Run a parameterized Databricks job task in a loop

This article discusses using the For each task with your Databricks jobs, including details on adding and configuring the task in the Jobs UI. Use the For each task to run a task in a loop, passing a different set of parameters to each iteration of the task.

Adding the For each task to a job requires defining two tasks: The For each task and a nested task. The nested task is the task to run for each iteration of the For each task and is one of the standard Databricks Jobs task types. You cannot add another For each task as the nested task.

For example, you could use the For each task to perform a common set of transformations on multiple tables, passing a table name from a list of table names to each iteration of the task.

What parameter types can I use with the For each task?

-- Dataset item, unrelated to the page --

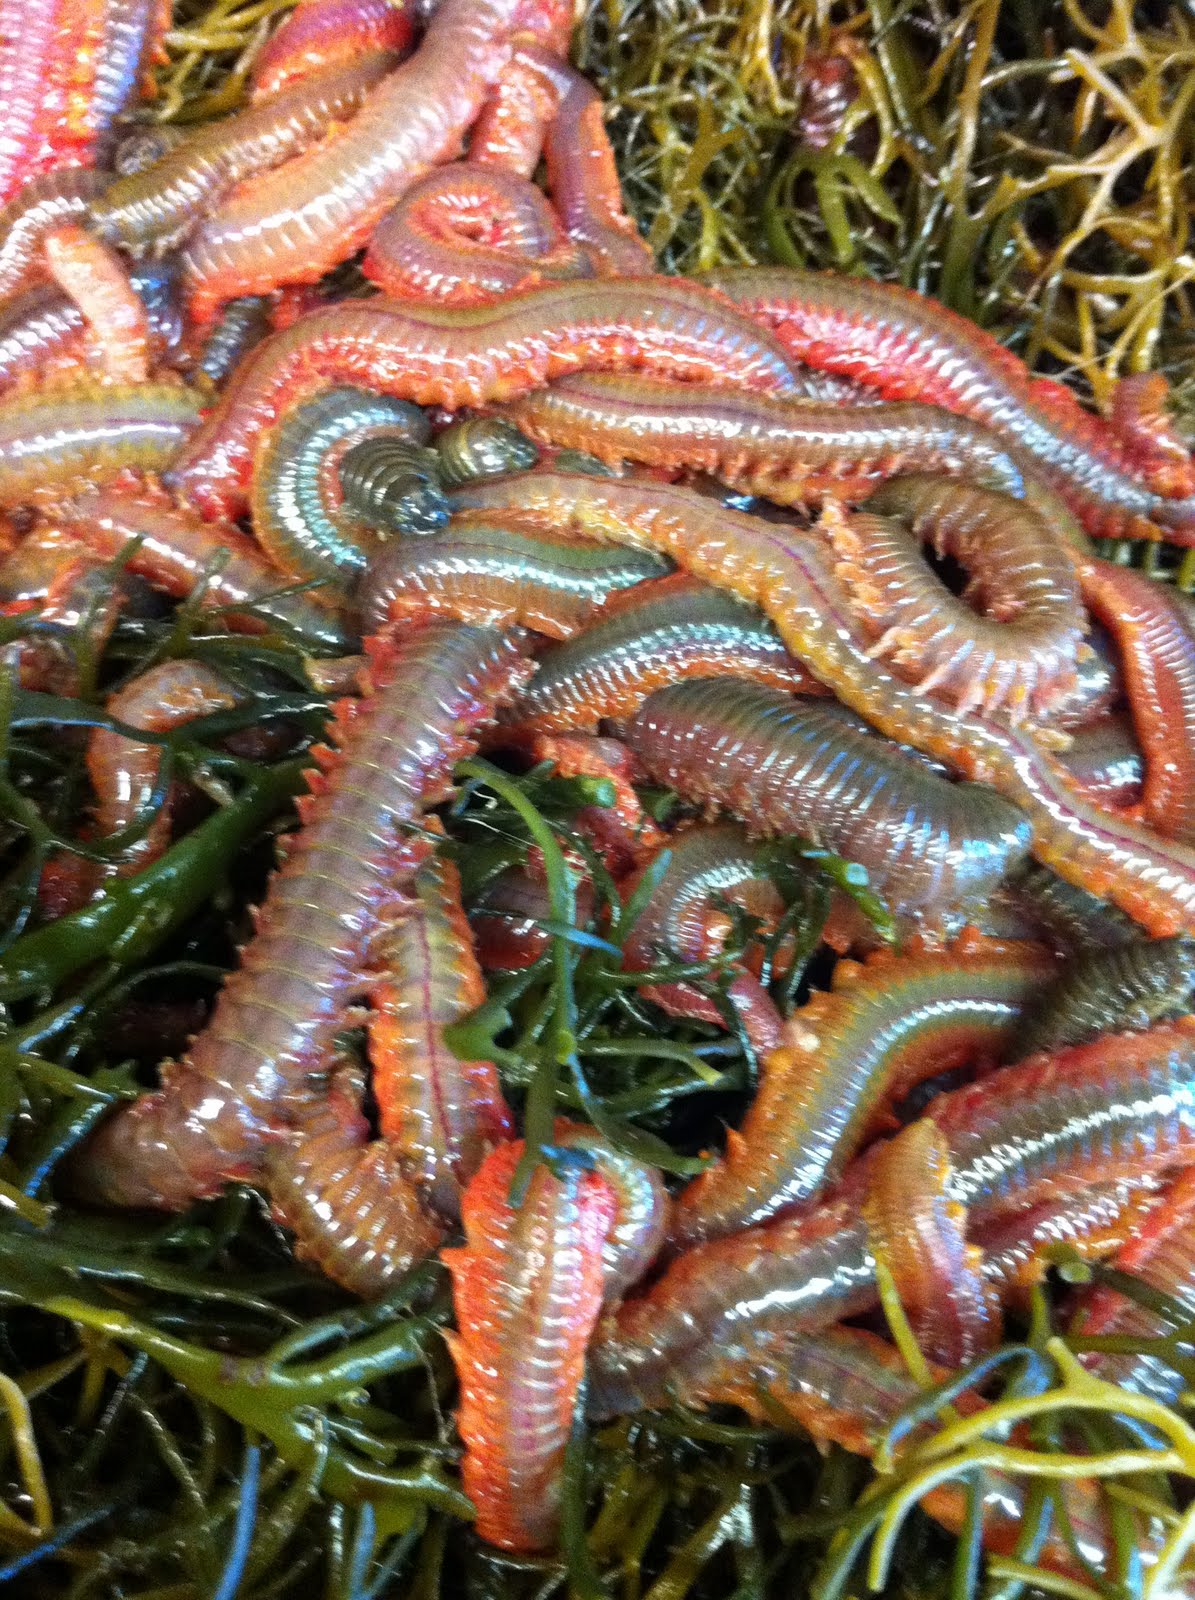 Captain Morgan's Fishing Blog: THE ABC'S OF SEAWORM SHORTAGES IN

To pass parameters from a For each task, you can:

To learn how to use these different parameter types when you add or edit a For each task, see the next section Add the For each task to a job.

Add the For each task to a job

You can add a For each task when you create a job or edit a task in an existing job. To configure a For each task:

  1. In the Type drop-down menu, select For each.

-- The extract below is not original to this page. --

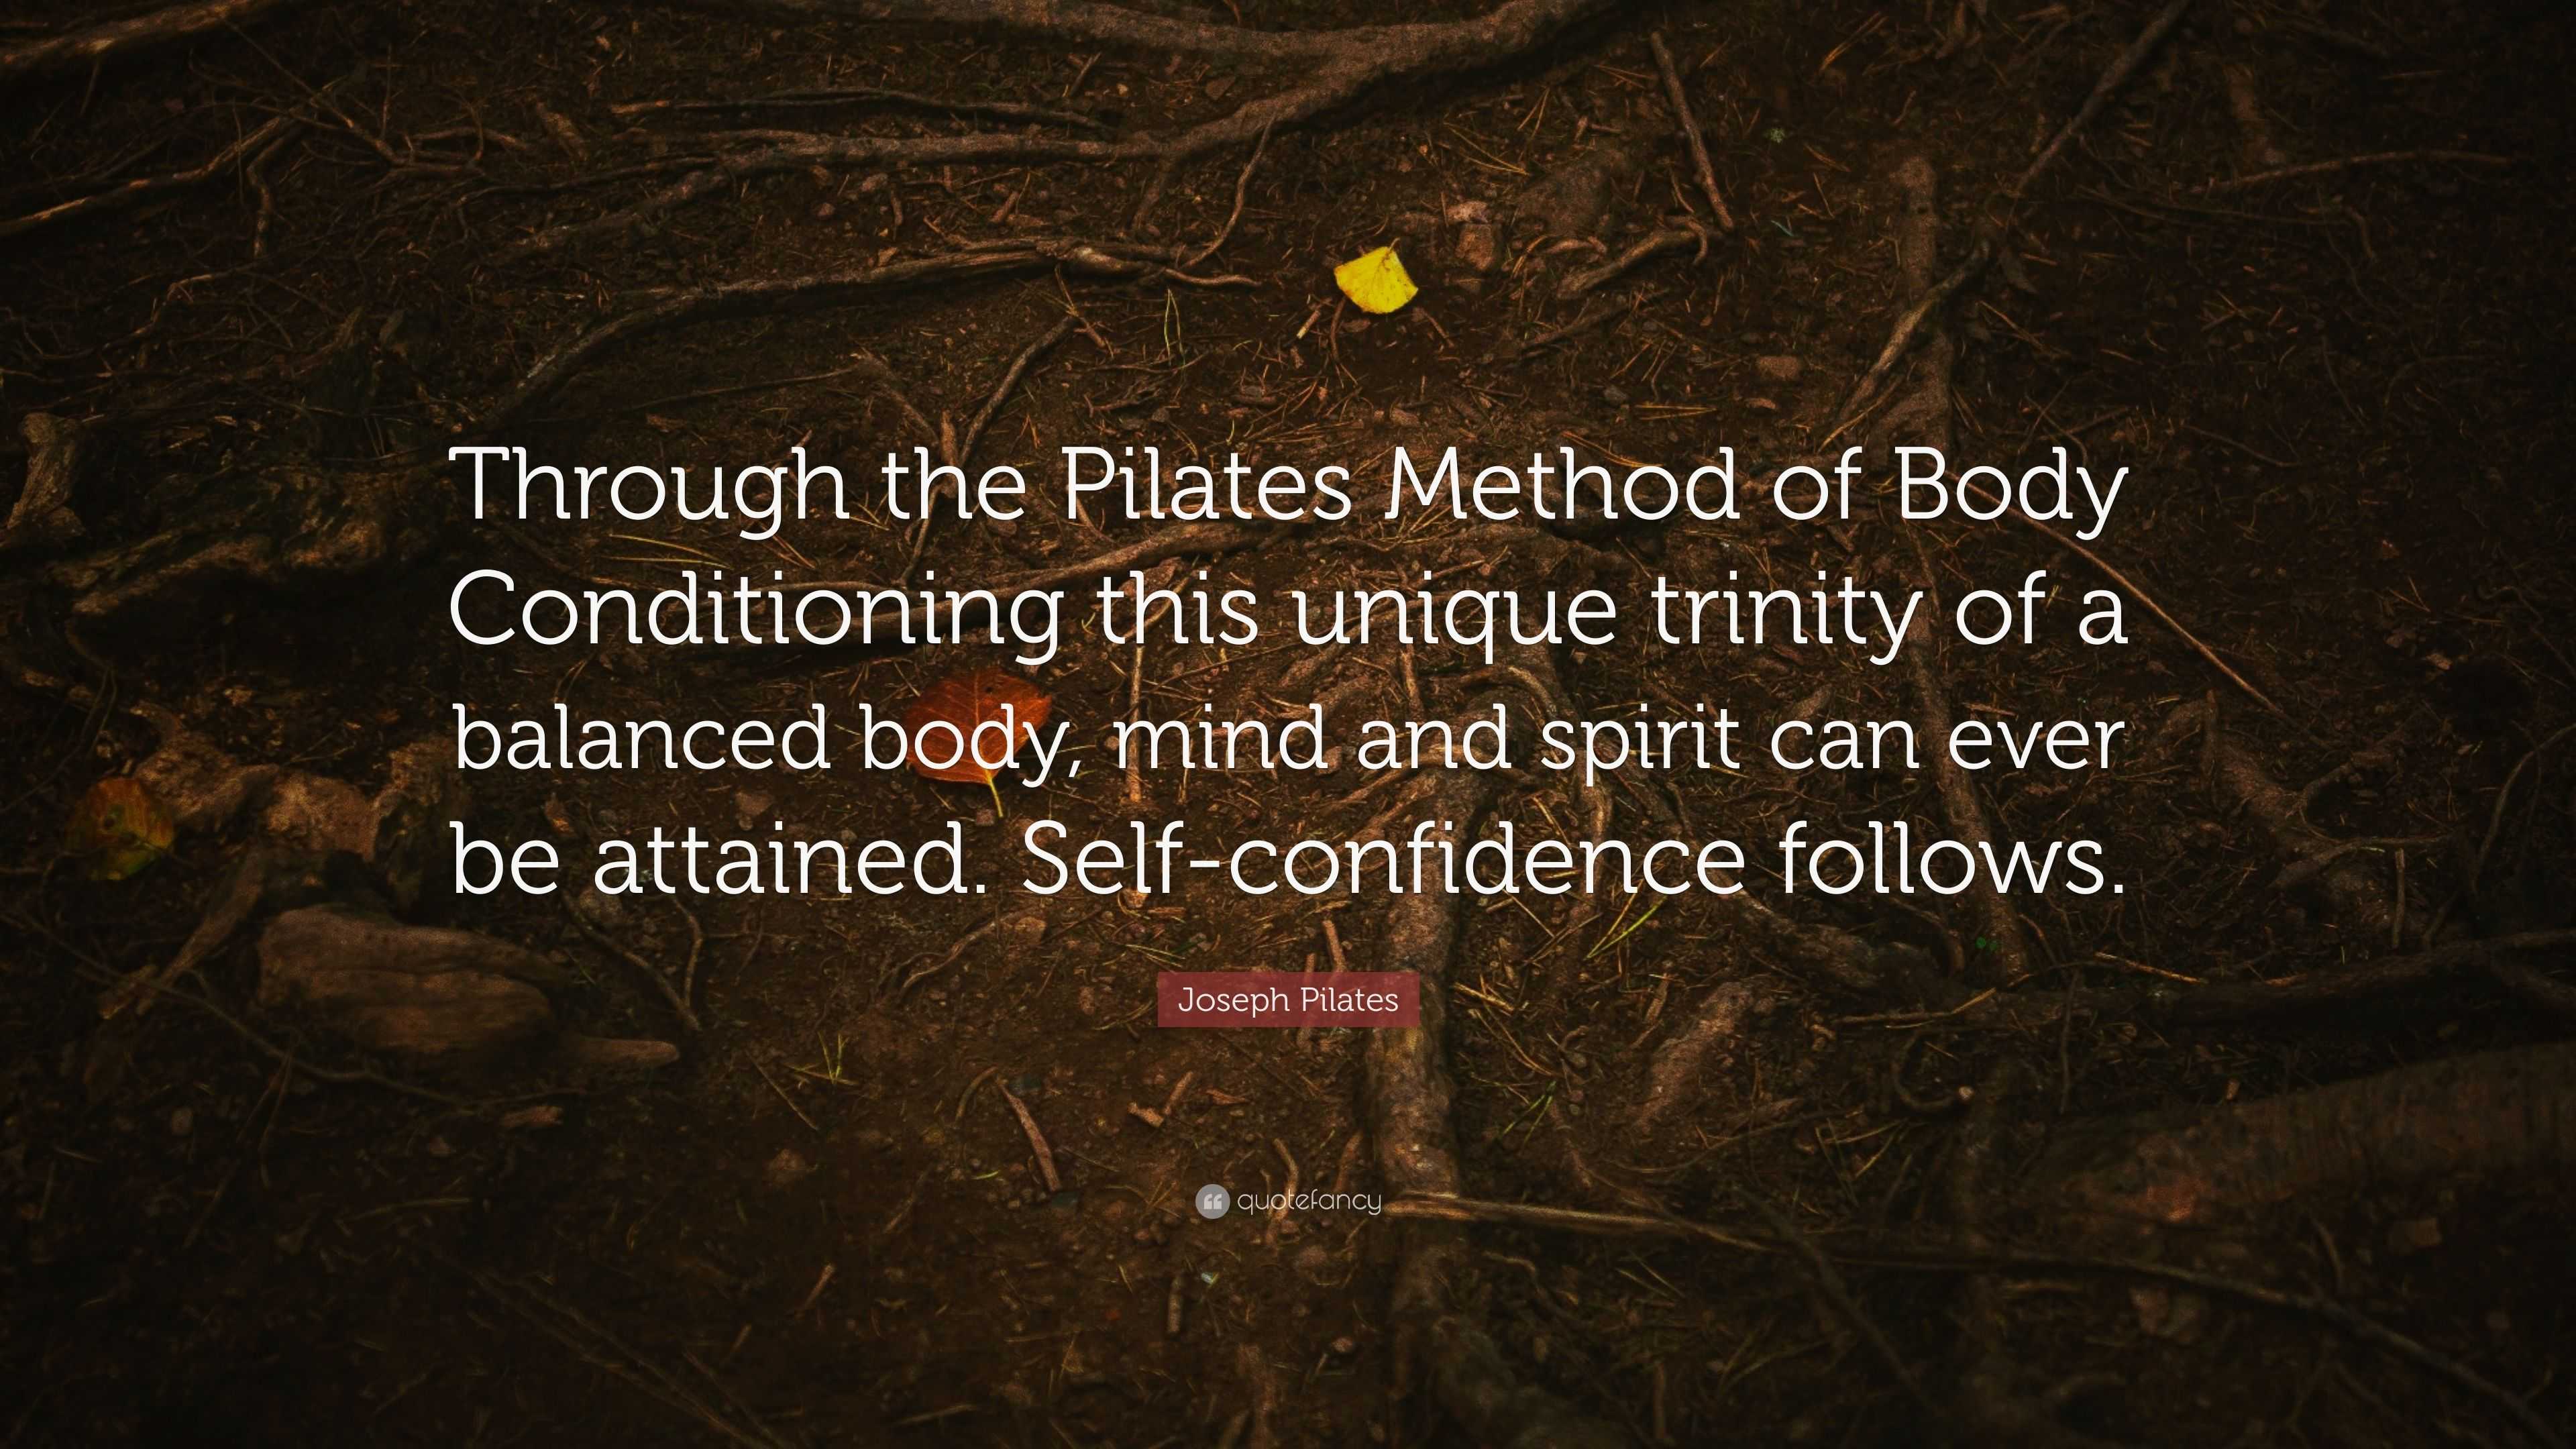 Bridge Pilates - This is one of my favourite quotes from Joseph Pilates! I  am sure if you ask anyone who practices Pilates regularly that they would  say this quote is true.

  2. Enter a name for the task in the Task name field.

  3. In the Inputs text box, define the values for the For each task to iterate on. This can be one of the following:

    • A JSON formatted array of values. This can be an array of the following data types:

      • key-value pairs

      • Strings, numbers, or Boolean types

      • Arbitrarily complex JSON objects

    • Task value references. To reference task values passed from a preceding task, use the {{tasks.<task_name>.values.<task_value_name>}} syntax to set the value in the Inputs text box. For example, if a task named generate_countries_list that precedes the For each task sets the following task value:

      dbutils.jobs.taskValues.set(key = "countries", value = countries_array)

      Then the For each task references the task value in the Inputs text box using the following syntax:

      {{tasks.generate_countries_list.values.countries}}.

    • Job parameters. To reference a job parameter, use the following syntax in the Inputs text box: {{job.parameters.<name>}}. For example, {{job.parameters.countries}}.

  4. To optionally set the number of iterations that can run in parallel, enter a Concurrency value for the task. The default value is 1.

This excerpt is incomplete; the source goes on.